The Court was unable to render a final decision on whether or not Article 21 was available against Shriram, given that the considerations were many and they had only a four-day window to issue their judgment. However, the Court seemed to suggest that Shriram would be subject to Article 21 by way of Article 12. It rejected Shriram’s argument that cautioned it against expanding Article 12 so as to bring within its scope private corporations, and thus have private enterprises subject to Article 21.
Additionally, the Court found that Shriram could fall within the strict categories under the Industrial Policy Resolution, which would render it essentially a “state actor” and thus subject to Article 21 by way of Article 12 applicability. Due to the nature of Shriram’s business, it was (1) “subject to this stringent system of registration and licensing”; (2) subject to “extensive environment regulation under Water Prevention and Control of Pollution Act”; (3) received significant financial aid from the government; and (4) engaged in an activity which has the potential to invade the right to life of large sections of people.

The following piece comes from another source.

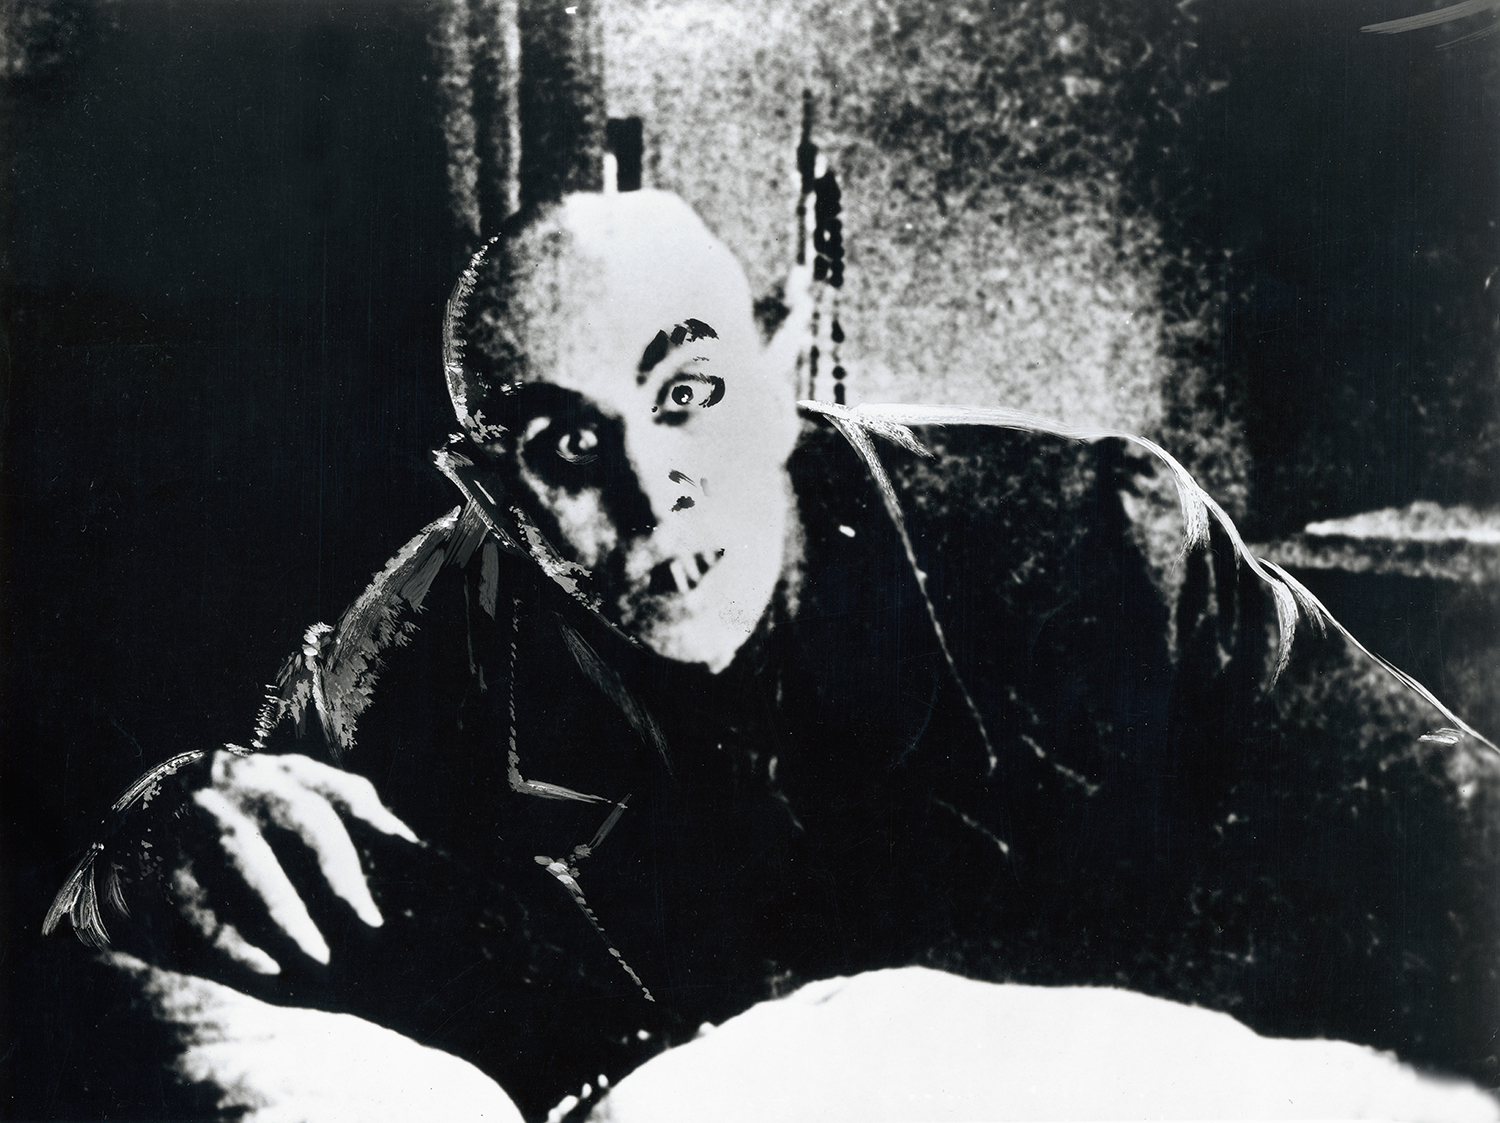 Max Schreck as Count Orlok in Nosferatu

While the court did not pronounce on the ultimate applicability of Article 12 and thus Article 21 on Shriram, it did engage in an important and expansive interpretation of fundamental human rights protected by the Indian Constitution. The Court reasoned that “it is dangerous to exonerate corporations from the need to have constitutional conscience”. Additionally, the Court noted that “whenever a new advance is made in the field of human rights, apprehension is always expressed by the status quo that it will create enormous difficulties in the way of smooth functioning of the system and affect its stability” but that ultimately decided that “such apprehension… need not deter the court from widening the scope of human rights and expanding their reach ambit”.

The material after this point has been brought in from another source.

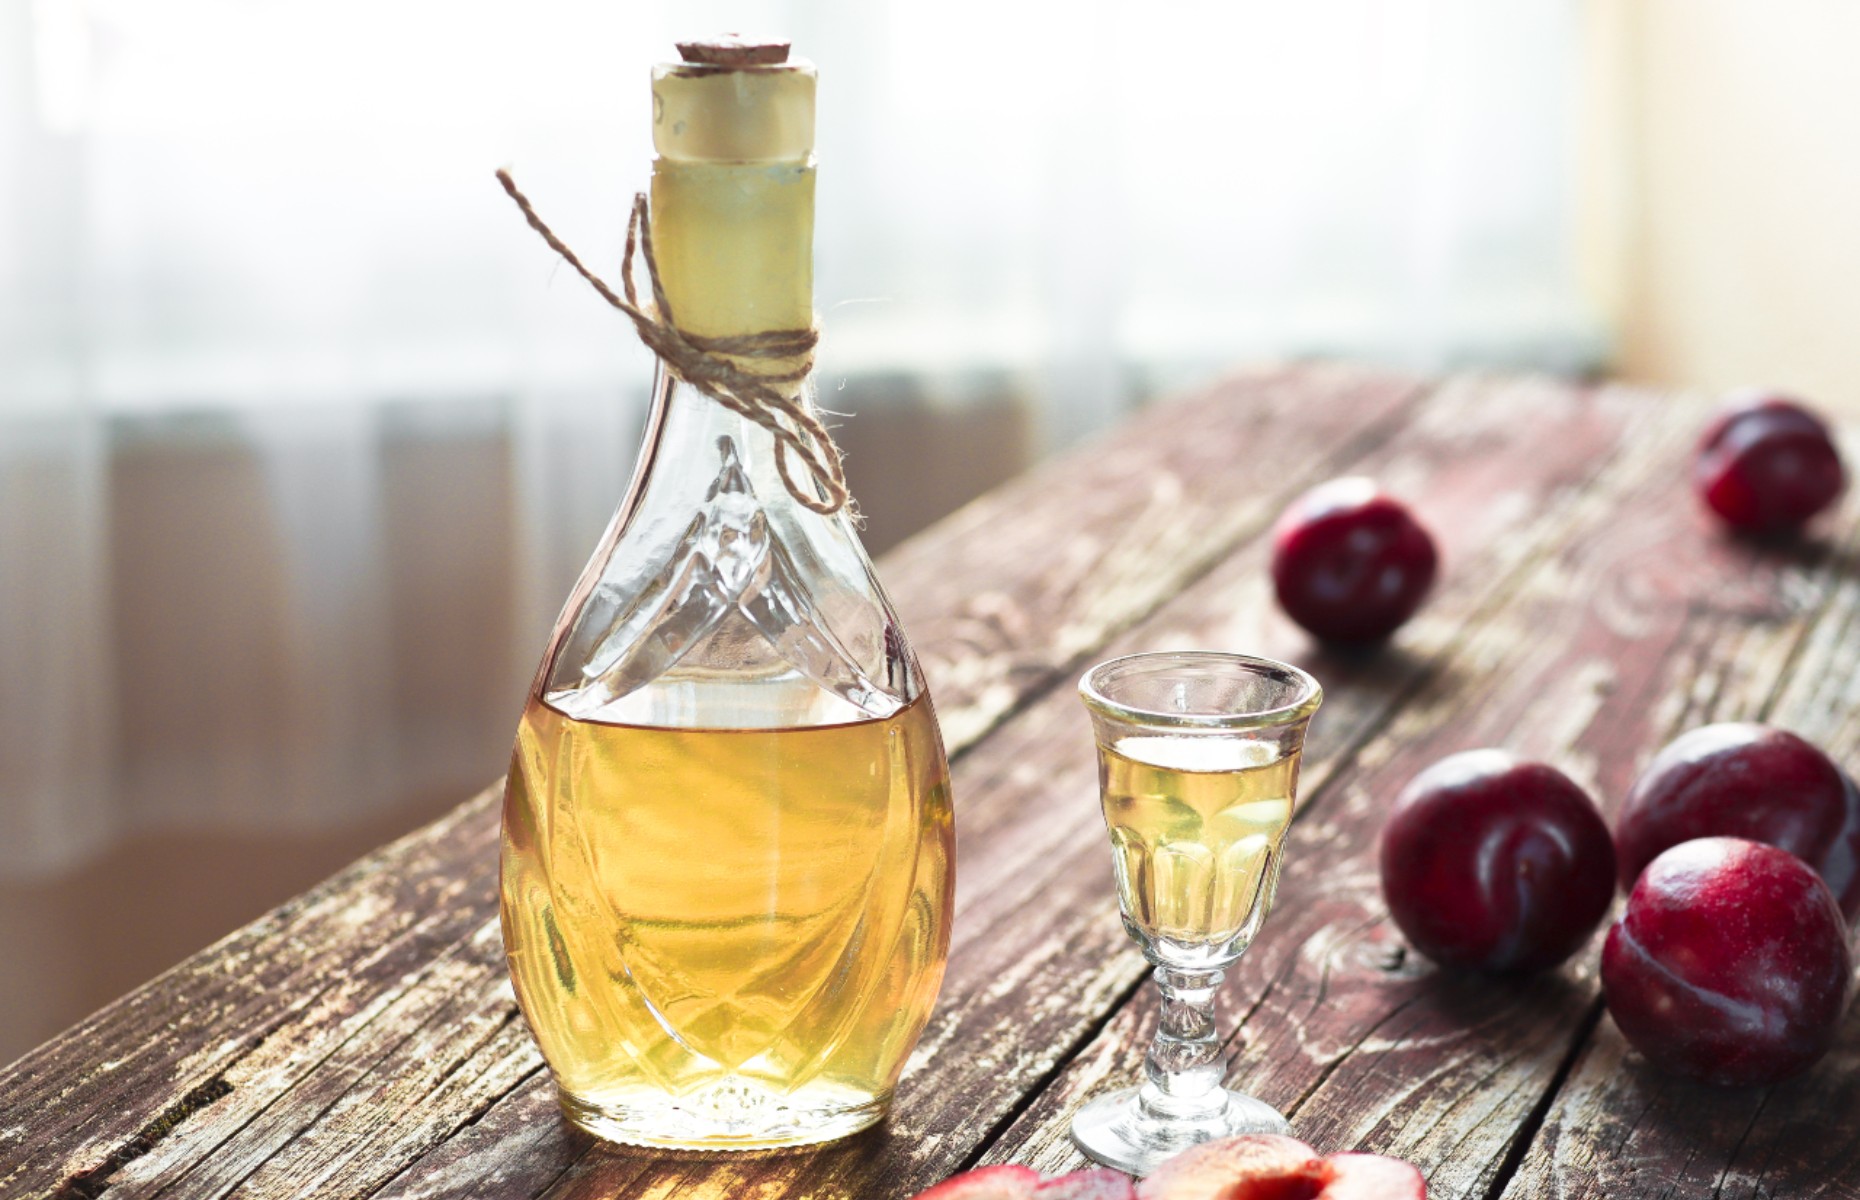 rakija, Croatian fruit brandy (Image: t.sableaux/Shutterstock)

The final issue considered by the Court was determining the extent of a corporation’s liability when the nature of its industry is hazardous or inherently dangerous to human life and health. The Court rejected the strict liability precedent set by Ryland v. Fletcher, because it did not account for the technological advancements of the modern industrial age. Ryland v. Fletcher held that “a person who for his own purposes being on to his land and collects and keeps there anything likely to do mischief if it escapes must keep at his peril, and if he fails to do so, is prima facie liable for the damage which is the natural consequence of its escape.” This did not account for “acts of God” or “where the escape is due to an act of God and an act of a stranger.” As such, the Court created a new rule: Corporations engaged in hazardous or inherently dangerous industries which poses a potential threat to the health and safety of the persons working in the factory and residing in the surrounding areas will be absolutely liable to compensate for such harm to the community that results from the hazardous or inherently dangerous nature of the activity which it has undertaken. This absolute duty to the community must be taken into account as an “appropriate item of its over-heads” and the measure of compensation must be proportionate to the magnitude and capacity of the enterprise, in order to achieve deterrence. As such, “the larger and more prosperous the enterprise, the greater must be the amount of compensation payable by it.”